Abstract
Introduction:
Surgeons play a crucial role in preventing harm and contributing to the safety culture of their institutions. External safety data programs are designed to review adverse events and provide performance benchmarks to ameliorate future adverse events. The extent to which pediatric surgeons are aware of these programs, utilize data from these programs, and believe that they improve patient safety, is unknown.
Methods:
A cross-sectional survey of the American Pediatric Surgical Association membership was conducted to evaluate participation in and attitudes toward national safety benchmark programs (eg, National Surgical Quality Improvement Program). Surgeons’ perceptions of these activities, including barriers to participation and utilization of safety data, were measured. We performed standard frequency analyses and tests of associations between surgeon characteristics and the likelihood of utilizing safety data.
Results:
The response rate was 38% (353/928). Seventy-two percentage of respondents reported institutional participation in external safety benchmark programs. Of those, only 68% utilized data to improve or monitor patient safety. Surgeon-reported barriers to this process included lack of knowledge, time, and institutional resources.
Conclusions:
Many pediatric surgeons are aware of institutional participation in external safety data programs, but only a portion are involved in the utilization of these data. We have identified several barriers to participation and data utilization. These findings can help direct educational efforts to optimize our ability to learn from adverse event benchmarking and improve pediatric surgical care.
INTRODUCTION
In recent years, external safety benchmark data have been used to assess performance improvement in surgery. Surgical patient data collection registries such as the American College of Surgeons–National Surgical Quality Improvement Program (NSQIP) can facilitate a more broad-scale, scientific approach to adverse event review with external benchmark comparison. By utilizing trained surgical clinical reviewers to extract data from patient charts and standardizing definitions of complications and patient comorbidities, American College of Surgeons–NSQIP assists participating institutions in tracking the incidence of adverse events and monitoring the impact of quality improvement projects.1
Some reports suggest that participation in external patient safety programs results in improved outcomes,2,3 while others do not support this finding.4 Overall, the effectiveness of these endeavors remains unproven, leading to skepticism in their utility. Moreover, many surgeons may work at institutions that do not participate in external patient safety programs, and providers at participating institutions often do not have access to compiled data or may not understand how to use it effectively.

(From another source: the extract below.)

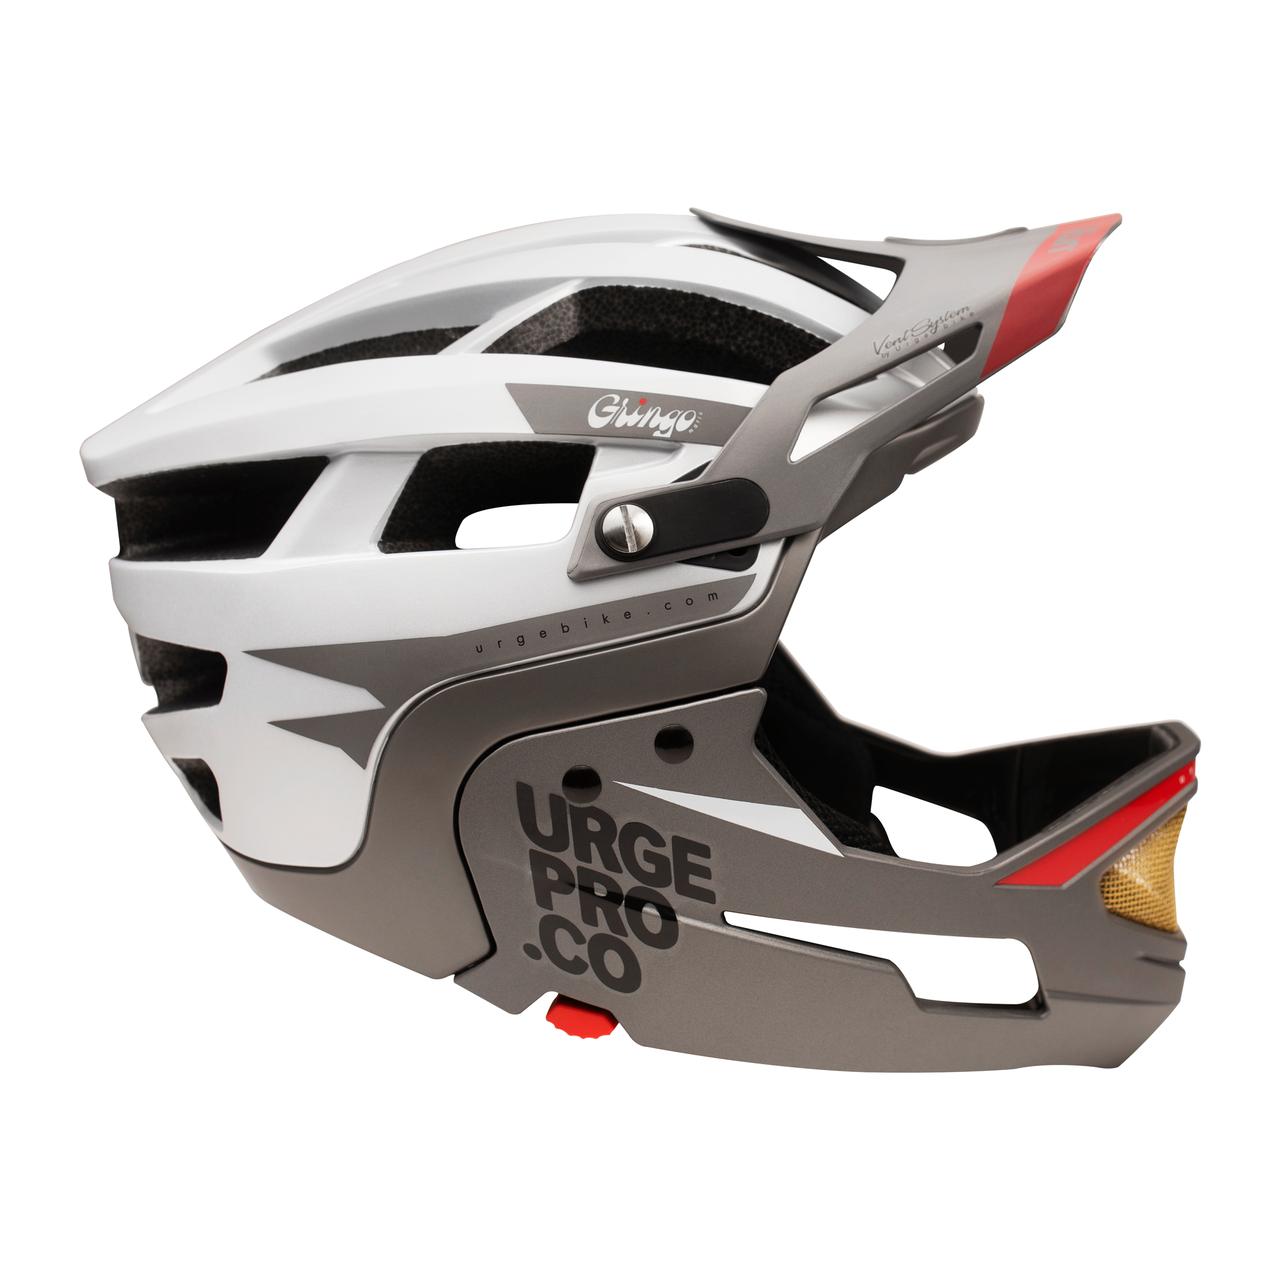 Шлем Urge Gringo de la Sierra серый S/M, 55-58 см
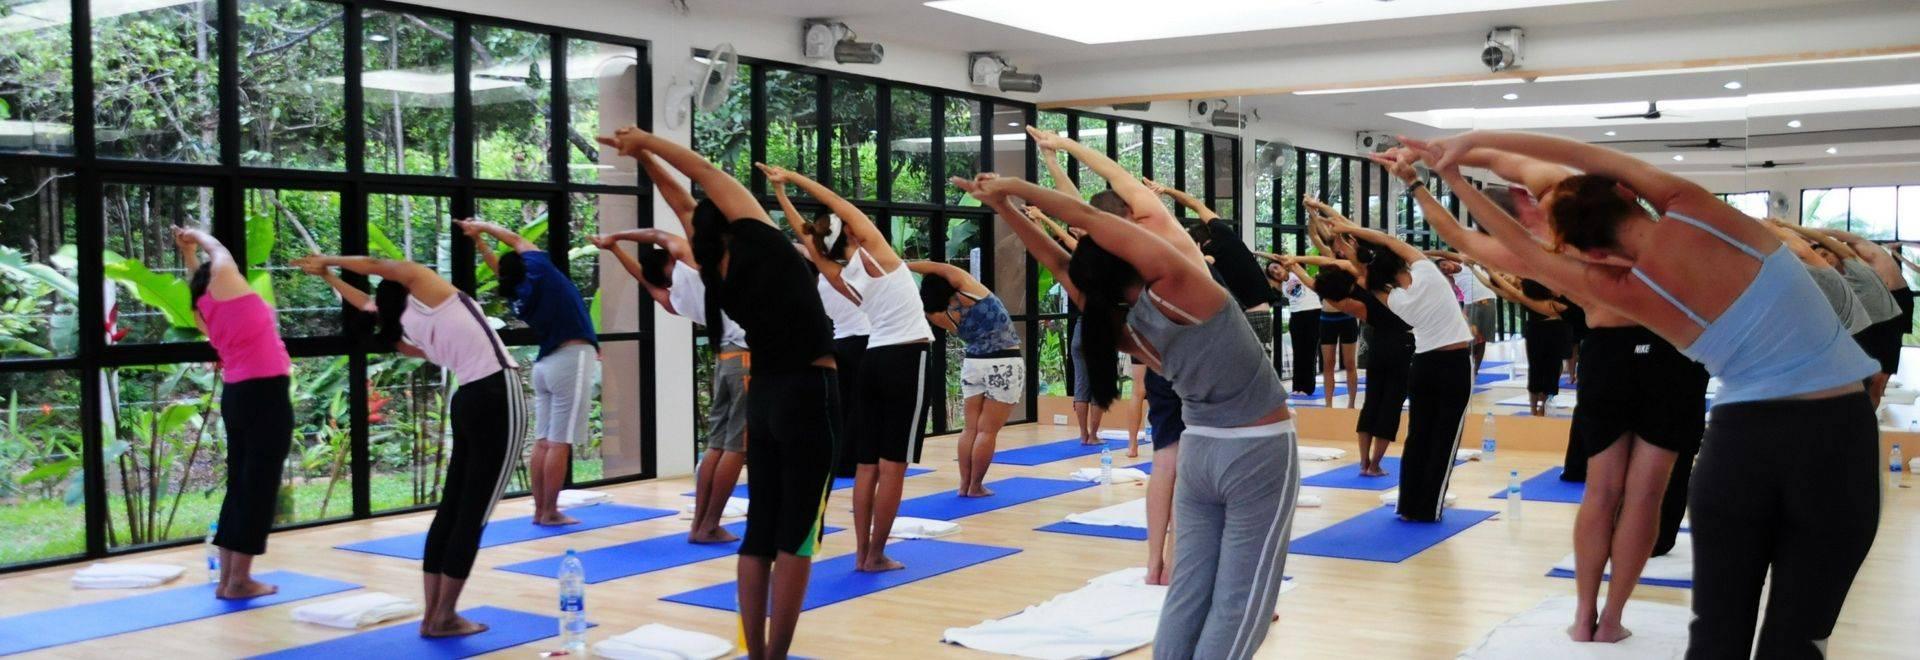 Absolute-Sanctuary-yoga-class.jpg

Although participation in external patient safety programs can help to improve patient safety, it is unclear to what extent pediatric surgeons participate in these activities, what barriers compromise participation, and to what degree pediatric surgeons believe that they prevent harm. We describe the results of a survey of pediatric surgeons assessing their participation in and attitudes toward external patient safety programs.
METHODS
Study Design
Active members of the American Pediatric Surgery Association (APSA) were invited to participate in an online cross-sectional survey about their perceptions and practices in patient safety. We collected demographic information and practice setting, including whether respondents held leadership, education, or safety roles within their institutions. The survey included descriptive questions about whether their affiliated institutions used or reported data to external safety programs. An iterative process based on thematic audit and feedback developed the survey questions by the APSA Quality and Safety Committee. The survey included Likert-scale, multiple choice, and dichotomous answer choices, in addition to open-ended questions.
Statistical Analysis
Standard frequency analyses and chi-square/Fisher’s exact test to evaluate associations between respondent characteristics and survey responses were performed. Likert scale responses were dichotomized to agree/strongly agree versus neutral/disagree/strongly disagree. Content analysis was used to summarize open-ended response questions.5 All research procedures were approved through exemption status by The University of Texas McGovern Medical School at Houston Committee for the Protection of Human Subjects.
RESULTS
Demographics and Other Respondent Characteristics
We administered the survey to 928 APSA members, and 353 responded (38% response rate). Most operated primarily within a free-standing children’s hospital (49.7%) or in a children’s hospital within an adult medical center (38.1%). Most respondents were also in an academic (65.3%) or mixed (25.3%) practice, with 9.4% in private practice. The majority of respondents (56.7%) reported holding leadership positions at their institutions, with 43.4% in education and 21.0% in safety positions. Respondents self-reported a median of 13 years in practice since fellowship (interquartile range, 5–17 years).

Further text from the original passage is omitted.